__AIM OF THE TASK__: Please write out exactly the lines of the data below from the line holding "Trabajando en los" through the line holding "Imagen del nuevo", and leave out the rest.

(Data extracted from a collection)
# # #
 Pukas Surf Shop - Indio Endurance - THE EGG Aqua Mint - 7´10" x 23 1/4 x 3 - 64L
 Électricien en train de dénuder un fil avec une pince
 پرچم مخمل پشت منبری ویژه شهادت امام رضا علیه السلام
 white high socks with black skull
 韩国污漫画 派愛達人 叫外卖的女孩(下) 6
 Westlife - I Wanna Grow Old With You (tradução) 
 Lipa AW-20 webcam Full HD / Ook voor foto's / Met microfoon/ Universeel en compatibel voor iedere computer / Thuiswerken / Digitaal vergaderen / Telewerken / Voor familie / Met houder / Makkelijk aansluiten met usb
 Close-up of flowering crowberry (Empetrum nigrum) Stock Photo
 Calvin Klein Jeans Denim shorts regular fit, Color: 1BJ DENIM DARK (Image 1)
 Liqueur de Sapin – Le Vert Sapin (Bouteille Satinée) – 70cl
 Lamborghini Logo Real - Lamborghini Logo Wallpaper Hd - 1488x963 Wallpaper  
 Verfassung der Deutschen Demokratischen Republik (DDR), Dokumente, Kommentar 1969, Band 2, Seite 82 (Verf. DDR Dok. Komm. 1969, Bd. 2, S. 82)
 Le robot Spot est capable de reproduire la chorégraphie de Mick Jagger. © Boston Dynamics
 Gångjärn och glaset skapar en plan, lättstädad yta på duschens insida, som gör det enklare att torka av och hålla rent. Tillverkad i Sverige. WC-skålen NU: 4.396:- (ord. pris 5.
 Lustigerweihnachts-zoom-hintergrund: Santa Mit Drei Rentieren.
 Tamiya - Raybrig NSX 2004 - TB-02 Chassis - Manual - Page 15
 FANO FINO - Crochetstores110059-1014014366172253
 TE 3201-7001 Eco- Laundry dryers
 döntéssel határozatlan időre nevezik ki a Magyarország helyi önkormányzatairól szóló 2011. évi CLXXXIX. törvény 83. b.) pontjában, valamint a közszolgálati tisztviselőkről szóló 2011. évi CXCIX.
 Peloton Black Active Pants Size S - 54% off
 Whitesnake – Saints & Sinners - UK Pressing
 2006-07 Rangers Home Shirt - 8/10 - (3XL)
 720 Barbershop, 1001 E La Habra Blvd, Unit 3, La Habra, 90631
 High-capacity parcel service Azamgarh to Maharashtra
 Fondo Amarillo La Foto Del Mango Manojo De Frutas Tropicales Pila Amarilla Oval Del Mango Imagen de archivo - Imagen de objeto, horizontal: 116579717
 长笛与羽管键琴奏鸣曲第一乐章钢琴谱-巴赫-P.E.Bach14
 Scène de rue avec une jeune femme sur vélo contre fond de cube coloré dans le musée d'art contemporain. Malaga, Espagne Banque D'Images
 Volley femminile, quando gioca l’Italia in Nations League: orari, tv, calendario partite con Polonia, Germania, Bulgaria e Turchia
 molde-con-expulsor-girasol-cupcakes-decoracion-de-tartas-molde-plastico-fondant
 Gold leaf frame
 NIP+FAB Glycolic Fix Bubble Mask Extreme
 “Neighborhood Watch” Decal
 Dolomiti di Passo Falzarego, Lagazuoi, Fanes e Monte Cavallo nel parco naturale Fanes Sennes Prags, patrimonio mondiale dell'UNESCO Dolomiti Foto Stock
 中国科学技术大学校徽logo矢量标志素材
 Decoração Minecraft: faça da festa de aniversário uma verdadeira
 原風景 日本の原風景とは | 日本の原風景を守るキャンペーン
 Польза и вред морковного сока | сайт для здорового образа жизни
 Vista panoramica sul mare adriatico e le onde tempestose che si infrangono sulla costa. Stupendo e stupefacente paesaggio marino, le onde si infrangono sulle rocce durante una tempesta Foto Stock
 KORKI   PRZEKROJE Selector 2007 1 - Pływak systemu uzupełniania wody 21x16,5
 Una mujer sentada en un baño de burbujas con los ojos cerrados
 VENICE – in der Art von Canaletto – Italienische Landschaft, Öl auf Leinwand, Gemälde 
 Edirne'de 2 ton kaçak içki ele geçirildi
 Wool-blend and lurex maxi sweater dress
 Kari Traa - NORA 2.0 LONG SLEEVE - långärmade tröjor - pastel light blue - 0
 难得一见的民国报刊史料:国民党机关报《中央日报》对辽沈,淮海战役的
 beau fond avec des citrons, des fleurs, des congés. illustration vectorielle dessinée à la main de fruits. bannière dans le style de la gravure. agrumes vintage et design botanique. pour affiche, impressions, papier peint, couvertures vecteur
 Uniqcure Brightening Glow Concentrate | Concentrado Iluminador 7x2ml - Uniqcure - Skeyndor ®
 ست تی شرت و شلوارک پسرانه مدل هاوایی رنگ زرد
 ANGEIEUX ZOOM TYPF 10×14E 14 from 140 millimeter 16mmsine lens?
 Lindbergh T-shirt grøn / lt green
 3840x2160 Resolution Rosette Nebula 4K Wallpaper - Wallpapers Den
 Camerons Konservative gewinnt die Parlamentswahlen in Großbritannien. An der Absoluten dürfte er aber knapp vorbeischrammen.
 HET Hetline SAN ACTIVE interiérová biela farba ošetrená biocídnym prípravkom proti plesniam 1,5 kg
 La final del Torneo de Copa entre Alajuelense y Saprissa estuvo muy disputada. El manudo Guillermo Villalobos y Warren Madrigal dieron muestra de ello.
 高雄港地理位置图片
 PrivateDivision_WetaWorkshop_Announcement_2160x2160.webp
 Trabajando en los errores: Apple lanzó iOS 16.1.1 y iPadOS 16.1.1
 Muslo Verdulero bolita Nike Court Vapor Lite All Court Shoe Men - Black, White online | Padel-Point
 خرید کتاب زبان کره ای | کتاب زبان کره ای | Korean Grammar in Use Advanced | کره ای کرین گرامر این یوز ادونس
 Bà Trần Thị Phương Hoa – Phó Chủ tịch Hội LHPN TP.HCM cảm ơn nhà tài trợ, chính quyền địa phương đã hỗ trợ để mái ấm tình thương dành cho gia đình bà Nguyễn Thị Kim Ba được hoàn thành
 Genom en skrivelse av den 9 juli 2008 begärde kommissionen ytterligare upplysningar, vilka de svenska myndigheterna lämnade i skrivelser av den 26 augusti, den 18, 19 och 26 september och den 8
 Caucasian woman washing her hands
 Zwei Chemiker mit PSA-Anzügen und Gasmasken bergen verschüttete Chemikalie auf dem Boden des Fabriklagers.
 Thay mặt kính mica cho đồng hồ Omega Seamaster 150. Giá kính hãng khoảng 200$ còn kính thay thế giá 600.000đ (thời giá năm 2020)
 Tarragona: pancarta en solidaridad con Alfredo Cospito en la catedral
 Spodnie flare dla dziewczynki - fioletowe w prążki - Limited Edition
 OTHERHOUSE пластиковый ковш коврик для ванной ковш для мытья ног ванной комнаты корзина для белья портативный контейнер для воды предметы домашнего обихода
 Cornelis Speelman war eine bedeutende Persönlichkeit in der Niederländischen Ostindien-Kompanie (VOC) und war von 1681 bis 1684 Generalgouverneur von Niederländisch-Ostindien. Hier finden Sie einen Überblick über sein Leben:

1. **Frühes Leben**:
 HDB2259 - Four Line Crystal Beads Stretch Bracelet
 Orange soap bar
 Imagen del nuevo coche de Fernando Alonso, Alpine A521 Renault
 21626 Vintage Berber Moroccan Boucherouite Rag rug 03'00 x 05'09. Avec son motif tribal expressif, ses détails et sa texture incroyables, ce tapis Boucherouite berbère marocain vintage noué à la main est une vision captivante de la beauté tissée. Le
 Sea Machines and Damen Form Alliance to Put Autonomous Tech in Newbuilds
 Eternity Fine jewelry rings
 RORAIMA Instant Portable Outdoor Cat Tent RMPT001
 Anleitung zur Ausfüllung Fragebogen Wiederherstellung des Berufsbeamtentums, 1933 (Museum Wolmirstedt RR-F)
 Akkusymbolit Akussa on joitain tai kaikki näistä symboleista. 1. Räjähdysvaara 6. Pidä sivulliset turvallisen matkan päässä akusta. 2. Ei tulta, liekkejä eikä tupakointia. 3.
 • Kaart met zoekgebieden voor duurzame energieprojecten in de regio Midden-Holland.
# # #
__TASK RESULT__:
 Trabajando en los errores: Apple lanzó iOS 16.1.1 y iPadOS 16.1.1
 Muslo Verdulero bolita Nike Court Vapor Lite All Court Shoe Men - Black, White online | Padel-Point
 خرید کتاب زبان کره ای | کتاب زبان کره ای | Korean Grammar in Use Advanced | کره ای کرین گرامر این یوز ادونس
 Bà Trần Thị Phương Hoa – Phó Chủ tịch Hội LHPN TP.HCM cảm ơn nhà tài trợ, chính quyền địa phương đã hỗ trợ để mái ấm tình thương dành cho gia đình bà Nguyễn Thị Kim Ba được hoàn thành
 Genom en skrivelse av den 9 juli 2008 begärde kommissionen ytterligare upplysningar, vilka de svenska myndigheterna lämnade i skrivelser av den 26 augusti, den 18, 19 och 26 september och den 8
 Caucasian woman washing her hands
 Zwei Chemiker mit PSA-Anzügen und Gasmasken bergen verschüttete Chemikalie auf dem Boden des Fabriklagers.
 Thay mặt kính mica cho đồng hồ Omega Seamaster 150. Giá kính hãng khoảng 200$ còn kính thay thế giá 600.000đ (thời giá năm 2020)
 Tarragona: pancarta en solidaridad con Alfredo Cospito en la catedral
 Spodnie flare dla dziewczynki - fioletowe w prążki - Limited Edition
 OTHERHOUSE пластиковый ковш коврик для ванной ковш для мытья ног ванной комнаты корзина для белья портативный контейнер для воды предметы домашнего обихода
 Cornelis Speelman war eine bedeutende Persönlichkeit in der Niederländischen Ostindien-Kompanie (VOC) und war von 1681 bis 1684 Generalgouverneur von Niederländisch-Ostindien. Hier finden Sie einen Überblick über sein Leben:

1. **Frühes Leben**:
 HDB2259 - Four Line Crystal Beads Stretch Bracelet
 Orange soap bar
 Imagen del nuevo coche de Fernando Alonso, Alpine A521 Renault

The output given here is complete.